John Curtin Gallery 4 Jul - 14 Sep 2025

Kaurna artist James Tylor bridges historical and contemporary photographic process, sculpture and found objects as a language of intervention.

‘Turrangka…in the shadows’ surveys a decade of Tylor’s practice and, for the first time, brings together the most comprehensive selection of his unique daguerreotypes, expansive digital photographic series, hand-made Kaurna cultural objects, and furniture.

Opening Event: 3 July 2025
Exhibition Open: 4 July – 14 September 2025
Supported By: Art Gallery NSW.

The exhibition title is drawn from a Kaurna word, highlighting a significant ongoing aspect of Tylor’s practice: the learning and sharing of his Indigenous language. As well as shadow, turra also translates to reflection, image, and mirror.

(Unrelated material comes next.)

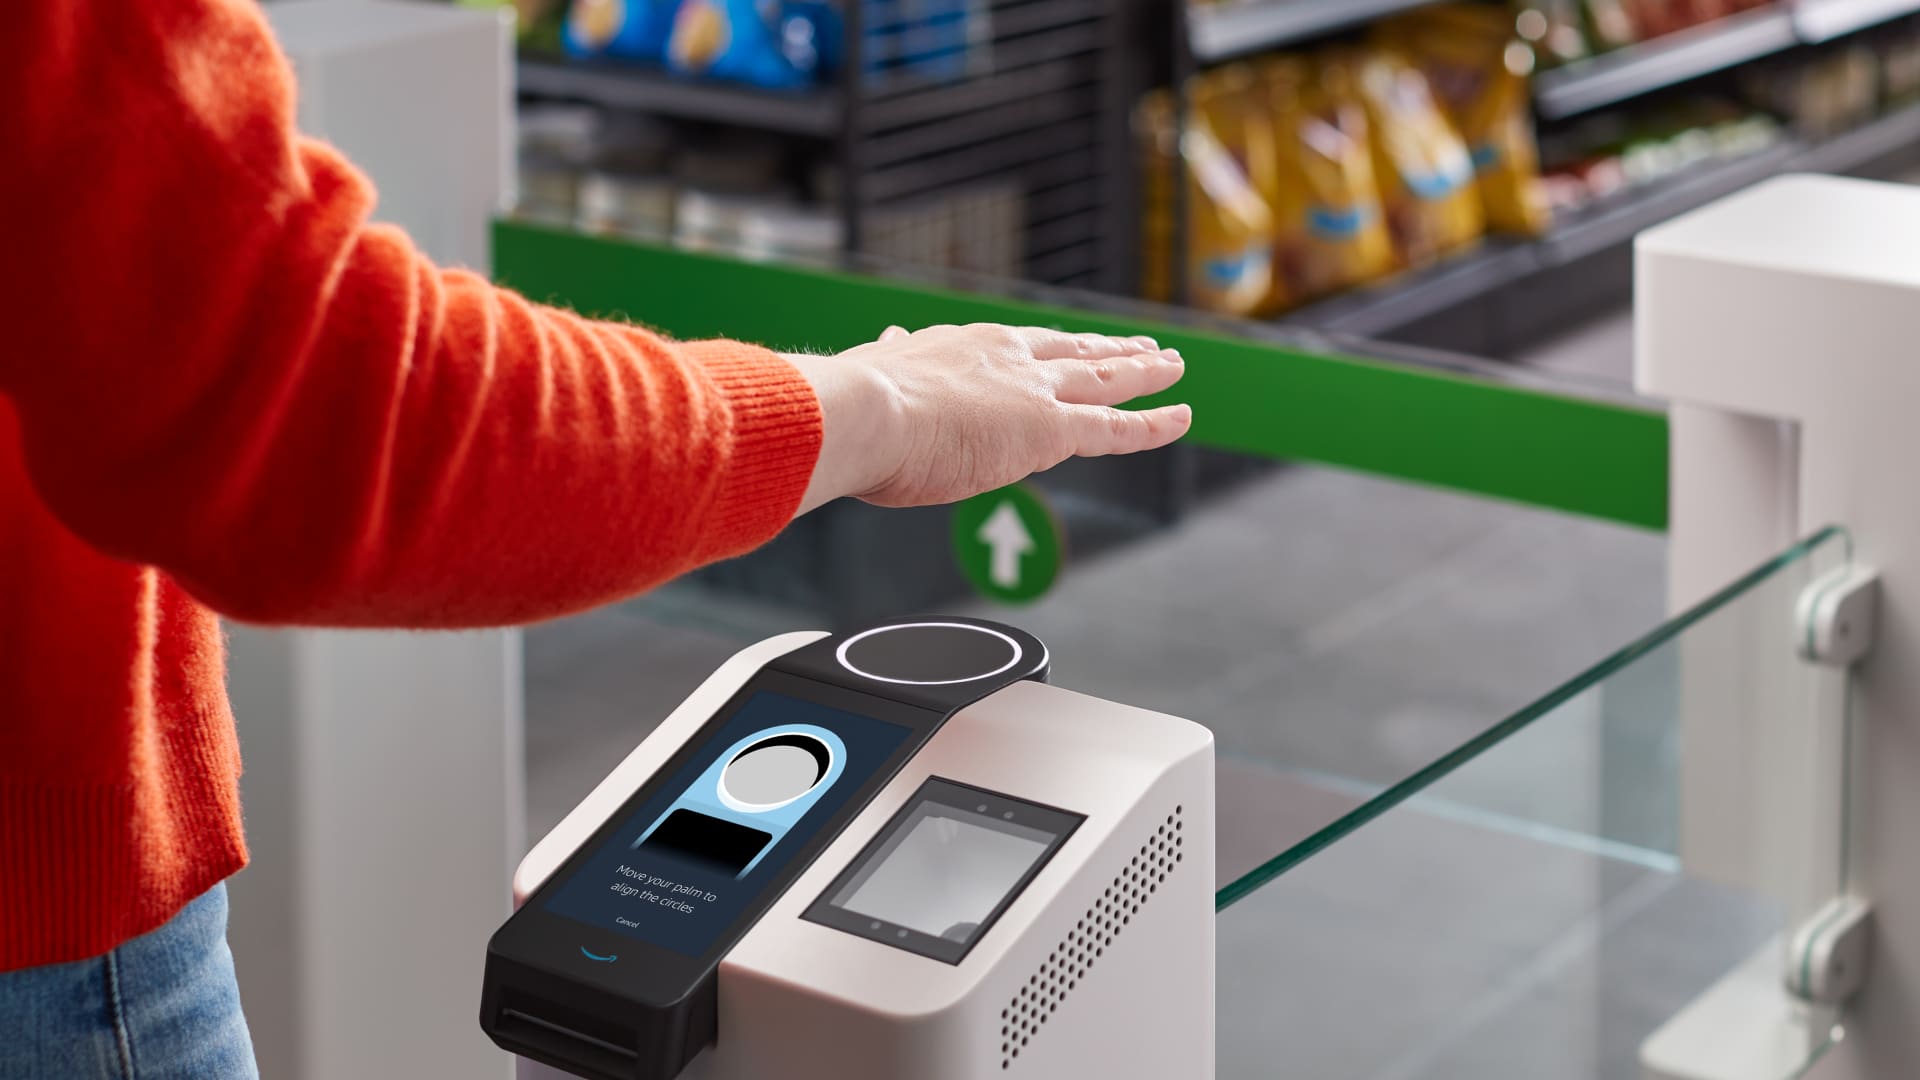 Amazon lets users buy alcohol with its palm-scanning payment system

At the core of Tylor’s practice is a continuously innovative programme of photographic intervention, disrupting the image to redact or highlight visual information. He systematically alters the reading of Country by excising information from the photographic print or inscribing language and place-names onto the surface of his daguerreotypes. These photographs provide a glimpse into Tylor’s broader practice of recreating Kaurna cultural artefacts, architecture, and ephemera. Antiquated analogue photographic processes including Becquerel daguerreotypes and hand-tinting are also used to generate a new archive of pseudo-historical images. Tylor’s recreations point to the absence of these images from the hegemonic depiction of colonial Australia’s visual history.

James Tylor is an Australian multi-disciplinary contemporary visual artist. He was born in Mildura, Victoria. He spent his childhood in Menindee in far west New South Wales, and then moved to Kununurra and Derby in the Kimberley region of Western Australia in his adolescent years. From 2003 to 2008, James trained and worked as a carpenter in Australia and Denmark. In 2011 he completed a bachelor of Visual Arts (Photography) at the South Australian School of Art in Adelaide and in 2012 he completed Honours in Fine Arts (Photography) at the Tasmanian School of Art in Hobart. He returned to Adelaide in 2013 and completed a Masters in Visual Arts and Design (Photography) at the South Australian School of Art. Since completing his tertiary education he has researched Indigenous and European colonial history with a focus on South Australia. He is an experienced writer, designer, curator, historian, researcher, art gallery installation and museum collection conservator. James currently works as a professional visual artist in Tarntanya Adelaide on Kaurna Land in South Australia.